After being forced to abandon proposed tax rises costing more than 346 billion shillings ($2.68 billion) in June due to fatal demonstrations, the East African nation’s administration, which has been grappling with significant debt, has been frantically seeking fresh funding.

The Finance Ministry’s public debt management office director general, Raphael Owino, told Reuters that the IMF’s October clearance of the seventh and eighth reviews, which opened the door for a $606 million loan tranche, had aided the ministry’s talks for more loans.

“The World Bank is coming on board, riding on the back of IMF receipts,” Owino said. “The AfDB is already on board.”

The discussions for more assistance, which came under the World Bank’s “Development Policy Operations” (DPO) with the government, were confirmed by a representative at the organization’s Kenya office.

“The amount of the current (loan) is yet to be determined.
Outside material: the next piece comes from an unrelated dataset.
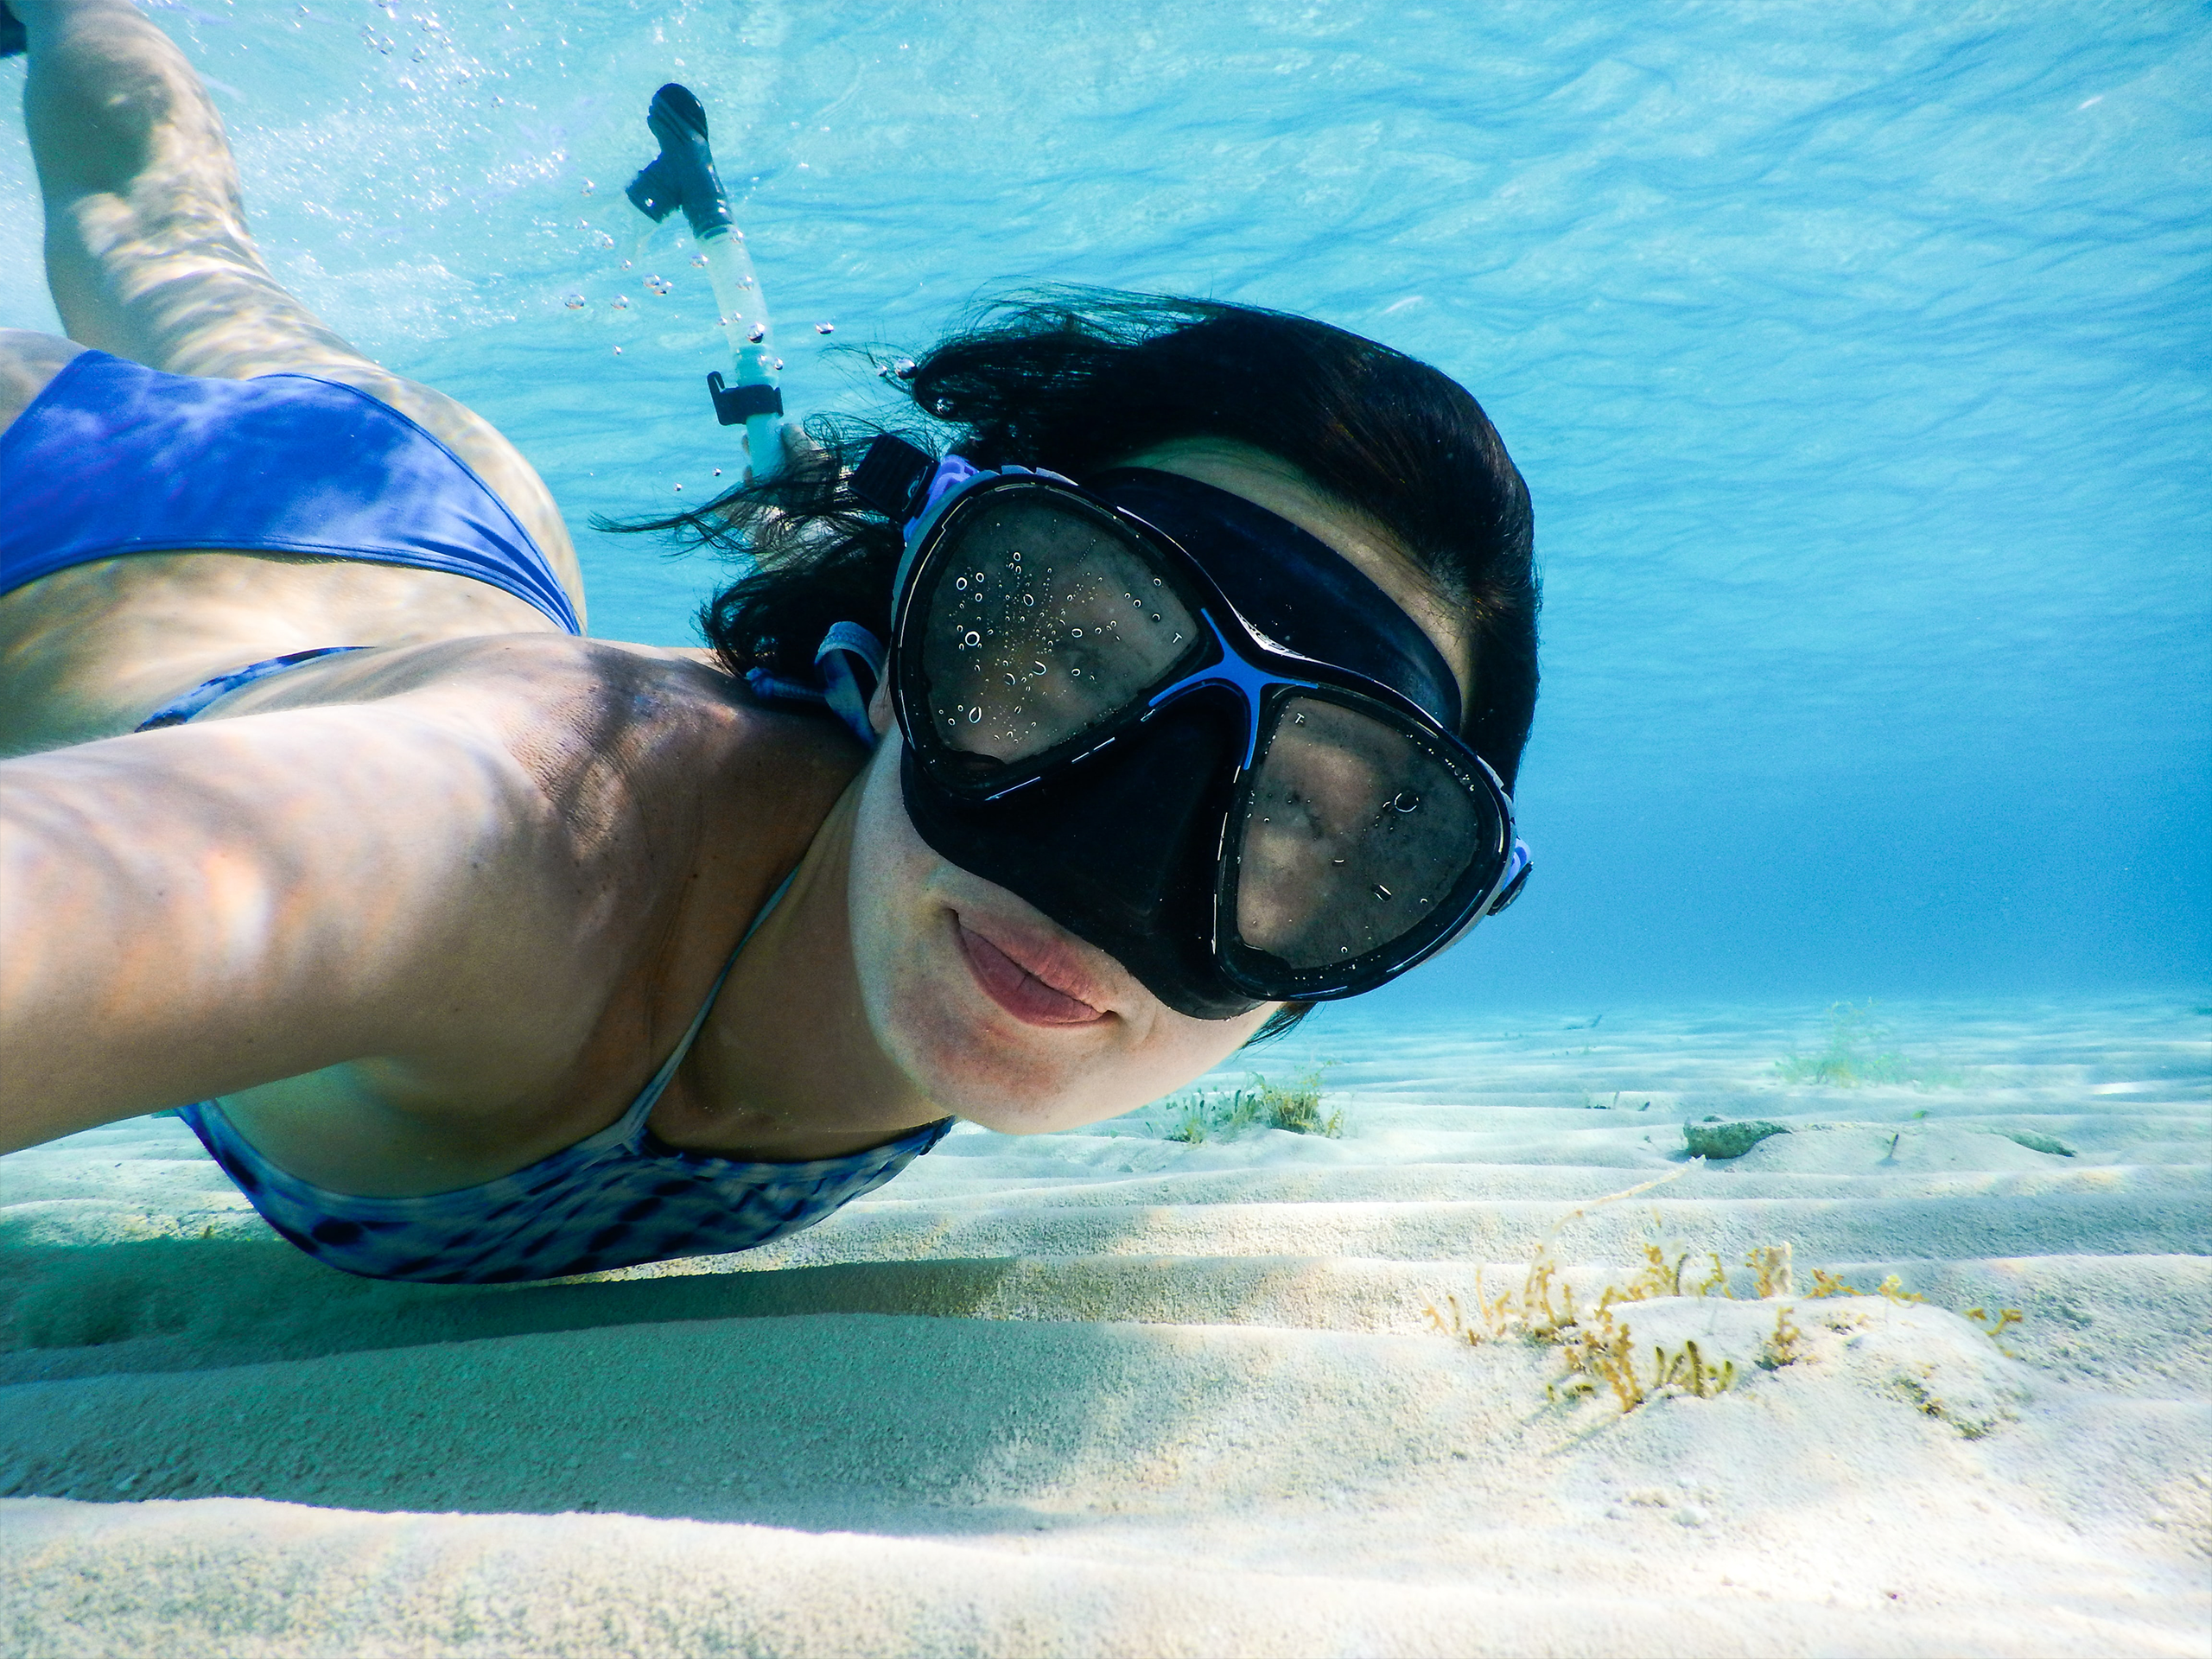 Woman snorkeling in the waters of the Caribbean Sea off Isla Mujeres

The amount will also depend on the implementation of the policy reforms agreed upon,” the spokesperson told Reuters, adding that past DPO loans averaged about $750 million.

In May, the World Bank approved the latest round of DPO loans, totalling $1.2 billion.

According to a statement made last month by Finance Minister John Mbadi, Kenya has set a foreign borrowing goal of 168 billion shillings for the fiscal year ending in June 2025.